First, the function computes a ratio between the closing price and average of high and low prices. Next, it applies an SMA to that quantity to smooth out noise, usually on a very small time frame, such as two days. Finally, it uses the runPercentRank() function to take a running percentage rank of this average ratio, and multiplies it by 100 to convert it to a 0-100 quantity.

Think about the way that students get percentile scores after taking a standardized test (that is, if a student got an 800 on her math section, she might be in the 95th percentile nationally). runPercentRank() does the same thing, except over time. This indicator provides the rank for the latest observation when taken in the context over some past period that the user specifies. For example, if something has a runPercentRank value of .90 when using a lookback period of 126, it means it's in the 90th percentile when compared to itself and the past 125 observations.

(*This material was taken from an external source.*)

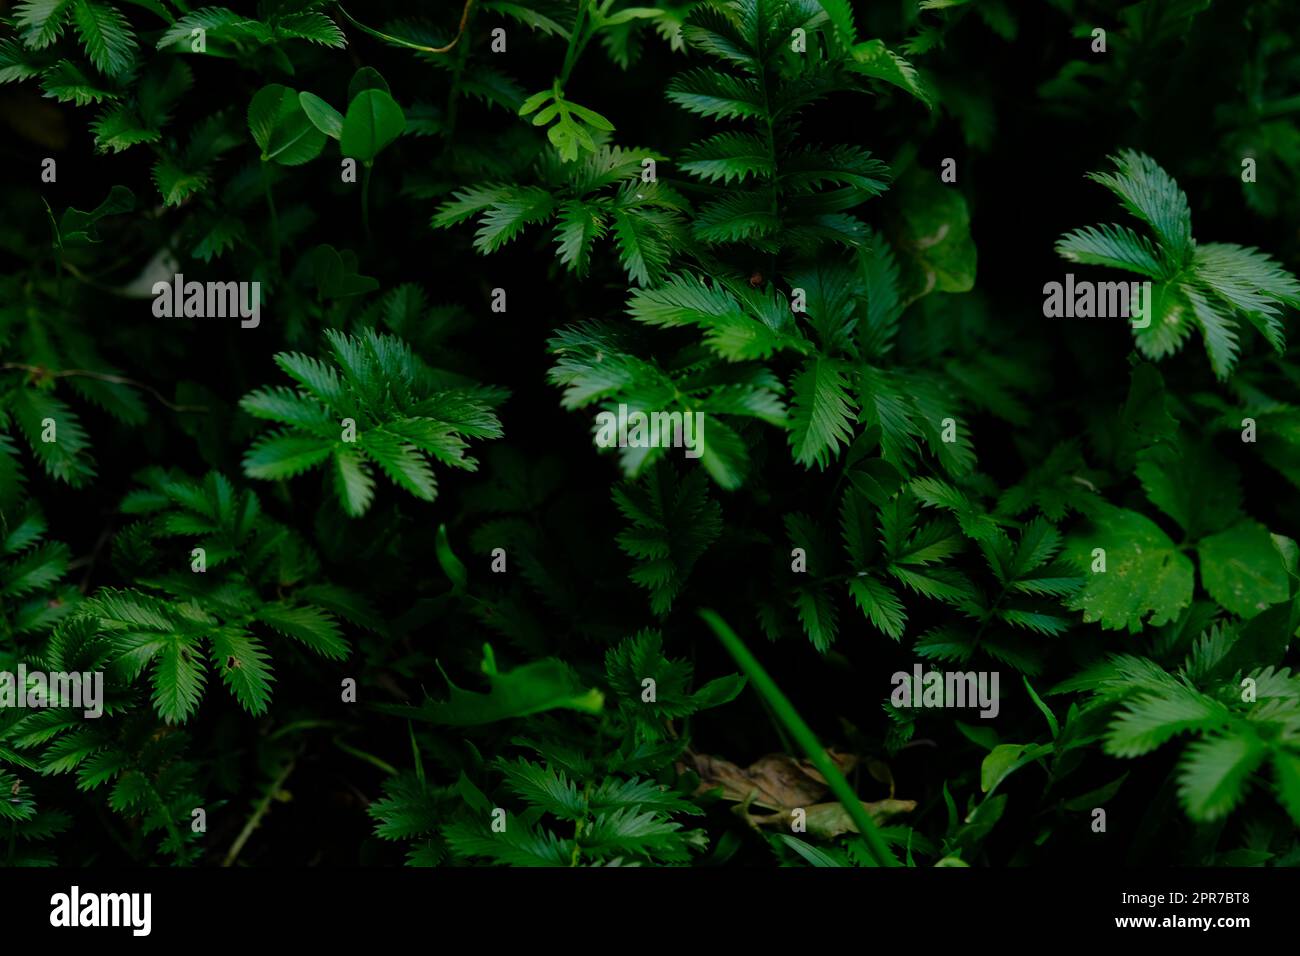 Ferns in the forest Beautiful ferns leaves green foliage. Close up of beautiful growing ferns in the forest. Natural floral fern background in sunlight. Stock Photo

Your job is to implement this indicator and save it as DVO. Some of the necessary code has been provided, and the quantstrat, TTR, and quantmod packages are loaded into your workspace.

Instructions

100 XP
  • Create and name a function, DVO, for the indicator described above. The three arguments for your function will be HLC, navg (default to 2), and percentlookback (default to 126).
  • The ratio of the close (Cl()) of HLC divided by the average of the high (Hi()) and low (Lo()) prices is computed for you.
  • Use SMA() to implement a moving average of this ratio, parameterized by the navg argument. Save this as avgratio.
  • Use runPercentRank() to implement a percentage ranking system for avgratio.